Data management on eventbuilders
Created by: jorana
Yesterday runs 9236, 9237, 9238 were irrecoverably lost from the event builders. The big question is how it can be that we at some point seem to have lost the data stored on /data/xenonnt_processed
or have somehow passed line 586 in Ajax
.
The reason turned out to be a faulty logic in this line that said that that are less than two hours old should be deleted.
RECONSTRUCTION These are the events that happened (focusing on runs 9236).
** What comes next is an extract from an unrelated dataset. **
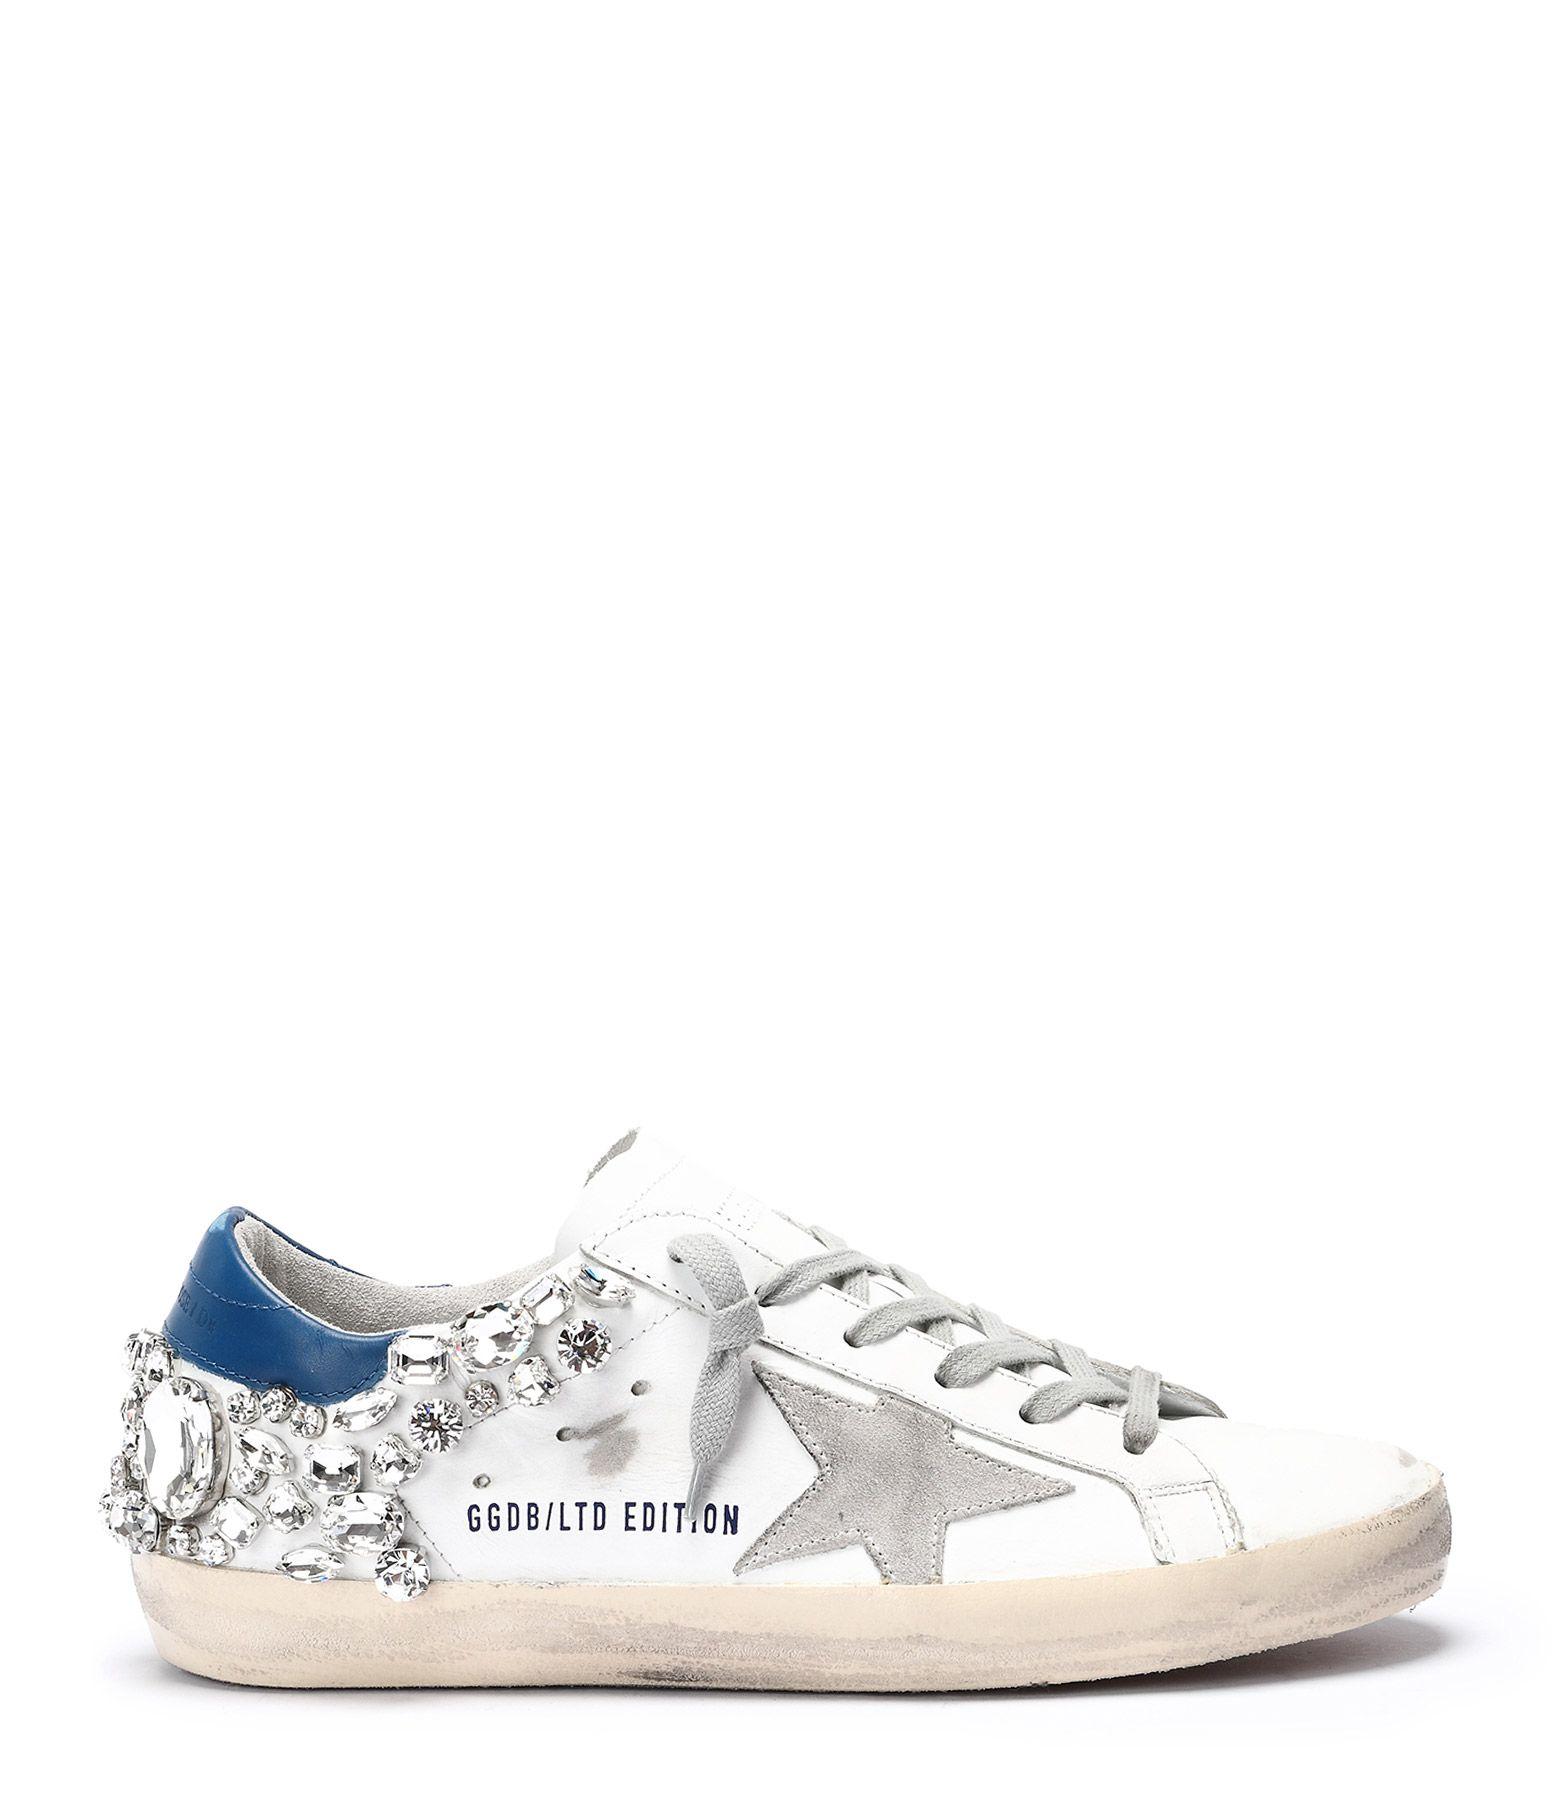 GOLDEN GOOSE Baskets Superstar Diamants Blanc Bleu Edition

"2020-08-31T18:05:47.776Z" - Processing finished
Bootstrax
successfully processed the run and then deleted the live_data at this time which is only done after we have successfully stored all the data (there is a check in set_status_finished
that makes sure the data has been written to disk). Furthermore, one can see from the deleted entries that we have saved .
"2020-08-31T19:.." - Ajax
deletes the 'unregistered' data
The bug was here
7208899 MainThread root clean_unregistered:: found 398 runs stored on/data/xenonnt_processed/. Checking that each is in the runs-database
7209768 MainThread root remove_if_unregistered:: run 9236 is NOT registered in the runDB
7209768 MainThread root No data for 009236 found! Double checking /data/xenonnt_processed/!
7209769 MainThread root Cleaning /data/xenonnt_processed/009236-raw_records_nv-rfzvpzj4mf
7209770 MainThread root Cleaning /data/xenonnt_processed/009236-raw_records_aqmon-rfzvpzj4mf
"2020-08-31T20:18:53.934Z" - Ajax
removes entries from runs-database
In the clean_database routine, ajax
notices that this run is stored for >2 h and that processing has finished. For this we check if the data is actually stored on this host on line 586. The corresponding output from ajax
is added below:
10812030 MainThread root Loop finished, take a 3600 s nap
14412139 MainThread root clean_unregistered:: found 396 runs stored on/data/xenonnt_processed/. Checking that each is in the runs-database
14412978 MainThread root clean_abandoned:: No more matches in rundoc
14413442 MainThread root clean_database:: delete entry of data from 9236 at /data/xenonnt_processed/009236-raw_records_aqmon-rfzvpzj4mf as it does not exist
14413442 MainThread root deleting /data/xenonnt_processed/009236-raw_records_aqmon-rfzvpzj4mf finished
14413442 MainThread root changing data field in rundoc
14413442 MainThread root update with {'host': 'eb5.xenon.local', 'type': 'raw_records_aqmon', 'file_count': 36, 'at': datetime.datetime(2020, 8, 31, 20, 18, 53, 934849, tzinfo=<UTC>), 'by': 'eb5.xenon.local.ajax'}
...
"2020-08-31T20:19:05" - Bootstrax
notices that all processed data is now removed and fails the run
Please note that this further substantiates that the processing did occur as needed.